Homework 2 -- Implementing a Useless Instruction

Logistics

Due Date: 11:59pm Friday, Feb. 17th

Expected Duration: A few hours only (more if you try to understand gem5 operation in detail)

Note: As usual, you may work in pairs on this assignment.

Overview

Purpose The purpose of this assignment is to help you become familiar with gem5’s language for describing instruction sets.
Here you will go through the ISA files in src/arch/x86/isa and understand how instructions are decoded and broken down into micro-ops which are ultimately executed. At a minimum this will give you more experience playing with gem5 source code, and this could be a useful introduction for some projects.

The background for this assignment is that, for many years, there has existed an instruction which no one has bothered to implement in gem5. This instruction is within the “x87” extension to the x86 ISA, which is a mostly-abandoned extension for performing floating point (FP) operations using a stack-based register interface. (SSE instructions are much more commonly used by compilers today for FP operations). This instruction in question is FSUBR, and performs “reverse subtract”. As you can guess, it does a subtraction of FP values, but its operands are reversed. The instruction FSUBR is an obscure instruction within a abandoned extension: it is so worthless, in fact, that compilers don’t generally bother to use it, and is thus so uncommon that it has no implementation in gem5, even though it would be absolutely trivial to implement it.

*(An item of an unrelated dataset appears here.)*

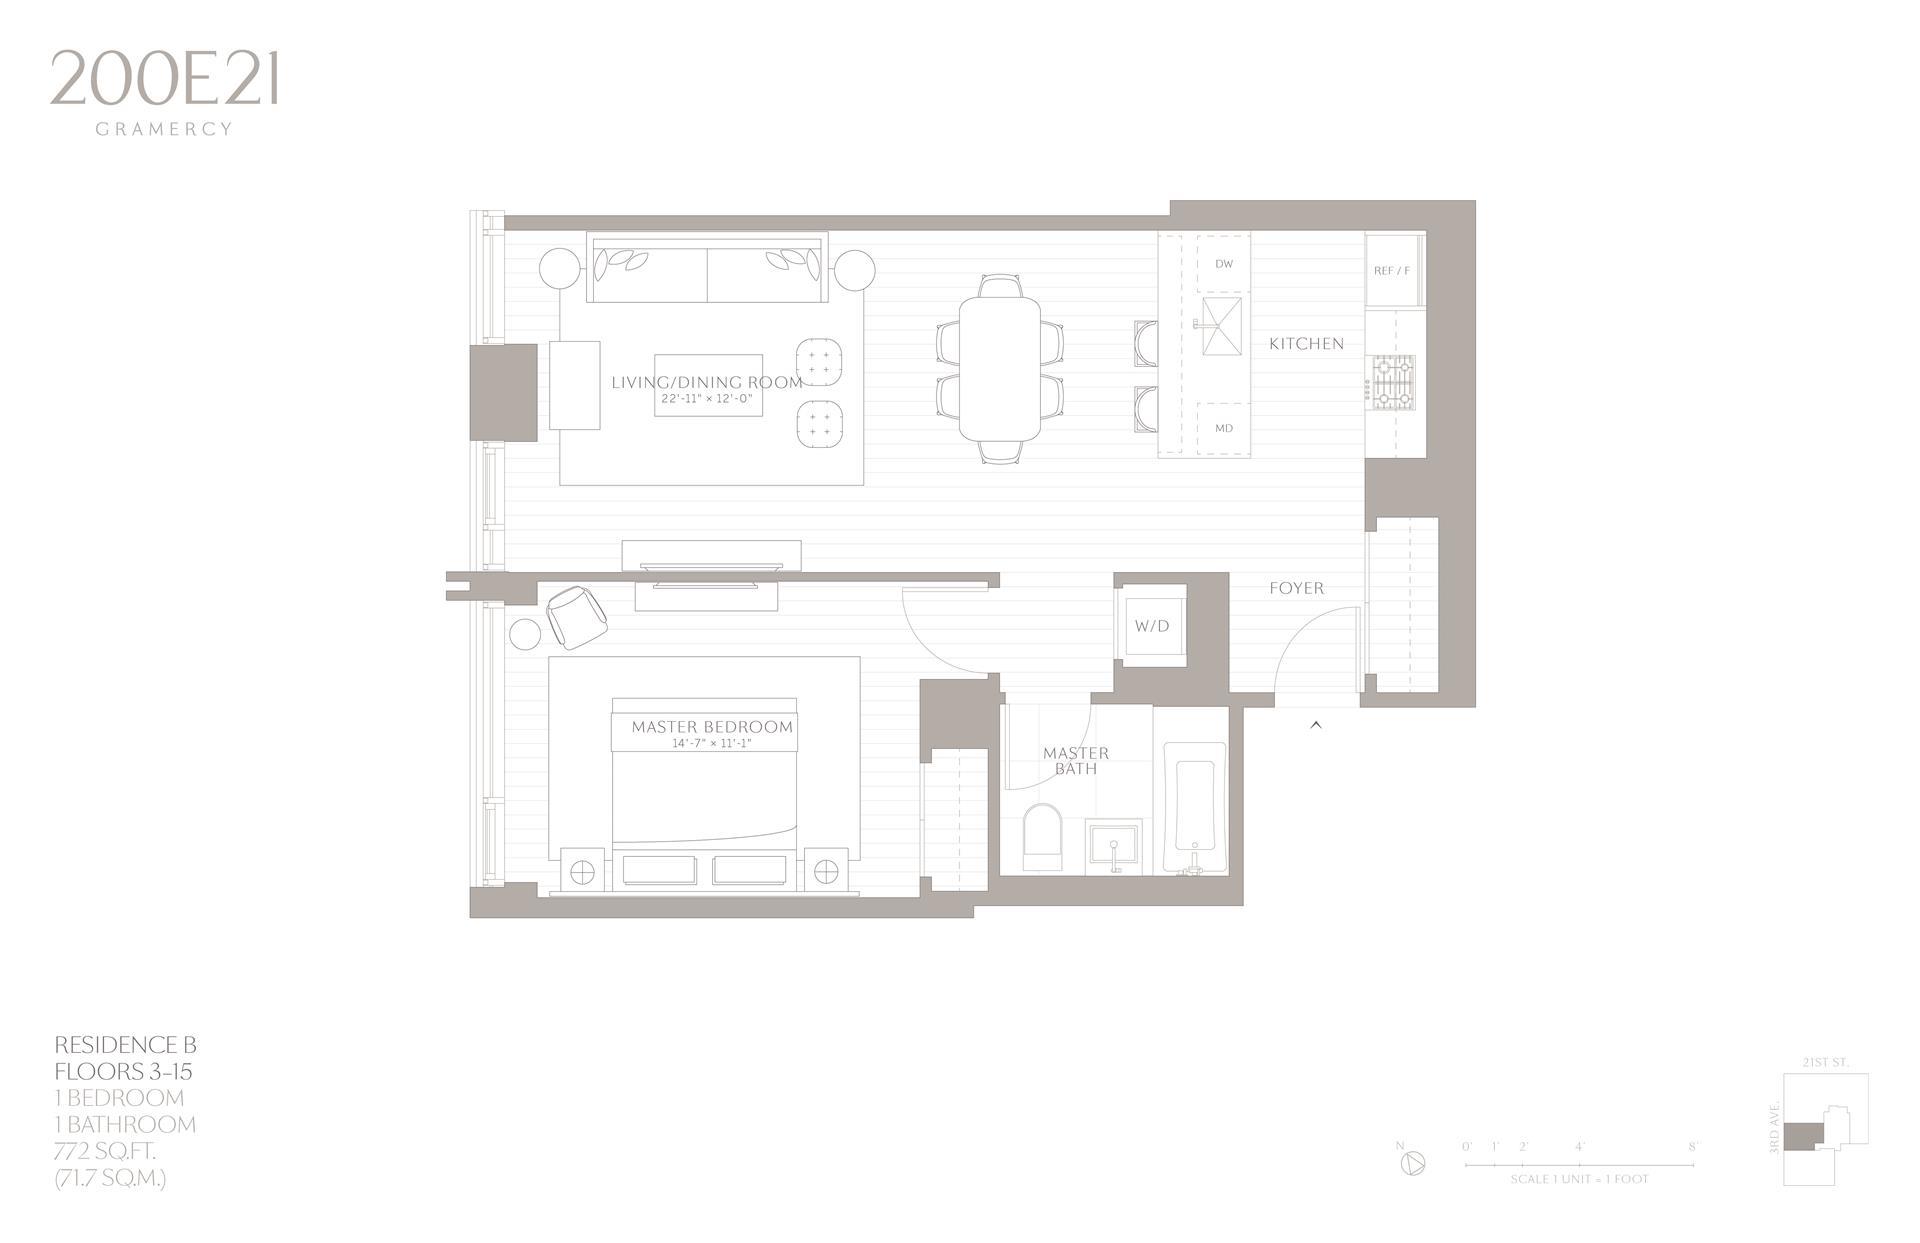 Floor plan of 200 East 21st St, 11B - Gramercy - Union Square, New York

This trivial task is your assignment.

Verify that Gem5 is Broken

First, check the gem5’s FSUBR implementation is still broken, by writing a short program that calls the fsubr instruction and checks the result. To make sure that FSUBR is used for subtraction, we need to explicitly use it using the inline assembly feature of GCC.
This is an example piece of assembly that you can use, that subtracts the two single-precision floating point input values and returns the result.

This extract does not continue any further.